You can constrain the output to follow a particular JSON schema by using the response_format parameter in the OpenAI schema, with json_schema as the type. Details are available in OpenAI’s documentation (section A new option for the response_format parameter)

NVIDIA recommends that you specify a JSON schema using the type json_schema instead json_object. Using the json_object type enables the model to generate any valid JSON, including empty JSON.

Example: Extracting information from a movie poster#

from openai import OpenAI
from pydantic import BaseModel, Field
from typing import List, Optional

client = OpenAI(base_url="http://0.0.0.0:8000/v1", api_key="not-used")

# Define the pydantic models for the response format
class Date(BaseModel):
    day: int = Field(ge=1, le=31)
    month: int = Field(ge=1, le=12)
    year: Optional[int] = Field(ge=1895)

class MovieDetails(BaseModel):
    title: str
    release_date: Date
    publishers: List[str]

# Prepare the question and input image
messages = [
    {"role": "user", "content": [
        {
            "type": "text",
            "text": f"Look at the poster image. Return the title and other information about this movie in JSON format."
        },
        {
            "type": "image_url",
            "image_url":
            {
                "url": "https://vignette1.wikia.nocookie.net/disney/images/f/f2/Walleposter.jpg"
            }
        }
    ]},
]
# Send the request with `json_schema`
response = client.chat.completions.create(
    model="nvidia/llama-3.1-nemotron-nano-vl-8b-v1",
    messages=messages,
    response_format={
        "type": "json_schema",
        "json_schema": {"name": "MovieDetails", "schema": MovieDetails.model_json_schema()}
    }
)
assistant_message = response.choices[0].message.content
print(assistant_message)
# { "title": "WALL-E", "release_date":  {"year":  2008, "month": 6, "day": 27}, "publishers": ["Walt Disney Pictures", "Pixar Animation Studios"] }

Newer versions of OpenAI SDK offer native support for Pydantic objects as described in the native SDK support section. Run pip install -U openai to install the latest SDK version.
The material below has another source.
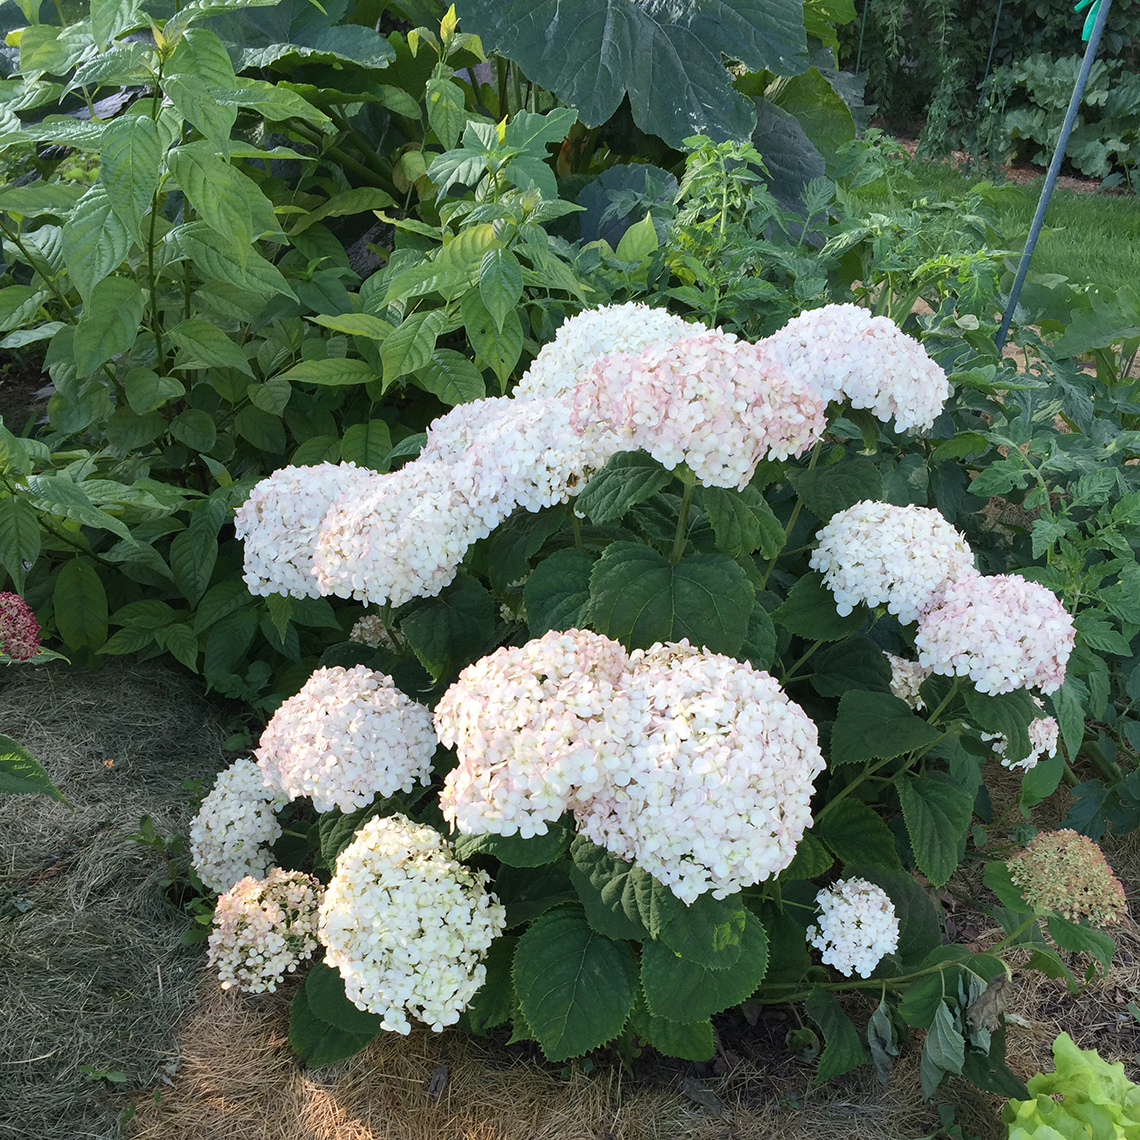 A specimen of Invincibelle Wee White hydrangea blooming in a vegetable garden

response = client.beta.chat.completions.parse(
    model="nvidia/llama-3.1-nemotron-nano-vl-8b-v1",
    messages=messages,
    response_format=MovieDetails,
)
assistant_message = response.choices[0].message.content
print(assistant_message)
# { "title": "WALL-E", "release_date":  {"year":  2008, "month": 6, "day": 27}, "publishers": ["Walt Disney Pictures", "Pixar Animation Studios"] }

By using JSON schemas, you can ensure that the VLM’s output adheres to a specific structure, making it easier to process and validate the generated data in your application’s workflow.

Regular Expressions#

You can specify a regular expression for the output format using the guided_regex parameter in the nvext extension to the OpenAI schema.

from openai import OpenAI

client = OpenAI(base_url="http://0.0.0.0:8000/v1", api_key="not-used")
regex = "[1-5]"
messages = [
    {"role": "user", "content": [
        {
            "type": "text",
            "text": f"Return the number of cars seen in this image"
        },
        {
            "type": "image_url",
            "image_url":
            {
                "url": "https://cdn.ebaumsworld.com/mediaFiles/picture/202553/84419818.jpg"
            }
        }
    ]},
]
response = client.chat.completions.create(
    model="nvidia/llama-3.1-nemotron-nano-vl-8b-v1",
    messages=messages,
    extra_body={"nvext": {"guided_regex": regex}},
    stream=False
)
assistant_message = response.choices[0].message.content
print(assistant_message)
# Prints:
# 2

Choices#

You can specify a list of choices for the output using the guided_choice parameter in the nvext extension to the OpenAI schema.

from openai import OpenAI

client = OpenAI(base_url="http://0.0.0.0:8000/v1", api_key="not-used")
choices = ["Good", "Bad", "Neutral"]
# We send the list of choices in the prompt to help the model but this is not
# strictly necessary, the model will have to follow the choices in any case
messages = [
    {"role": "user", "content": [
        {
            "type": "text",
            "text": f"What is the state of pollution in this image? It should be one of {choices}"
        },
        {
            "type": "image_url",
            "image_url":
            {
                "url": "https://m.media-amazon.com/images/I/51A5iA+lNcL._AC_.jpg"
            }
        }
    ]},
]

response = client.chat.completions.create(
    model="nvidia/llama-3.1-nemotron-nano-vl-8b-v1",
    messages=messages,
    extra_body={"nvext": {"guided_choice": choices}},
    stream=False
)
assistant_message = response.choices[0].message.content
print(assistant_message)
# Prints:
# Bad

Context-free Grammar#

You can specify a context-free grammar in the EBNF format using the guided_grammar parameter in the nvext extension to the OpenAI schema.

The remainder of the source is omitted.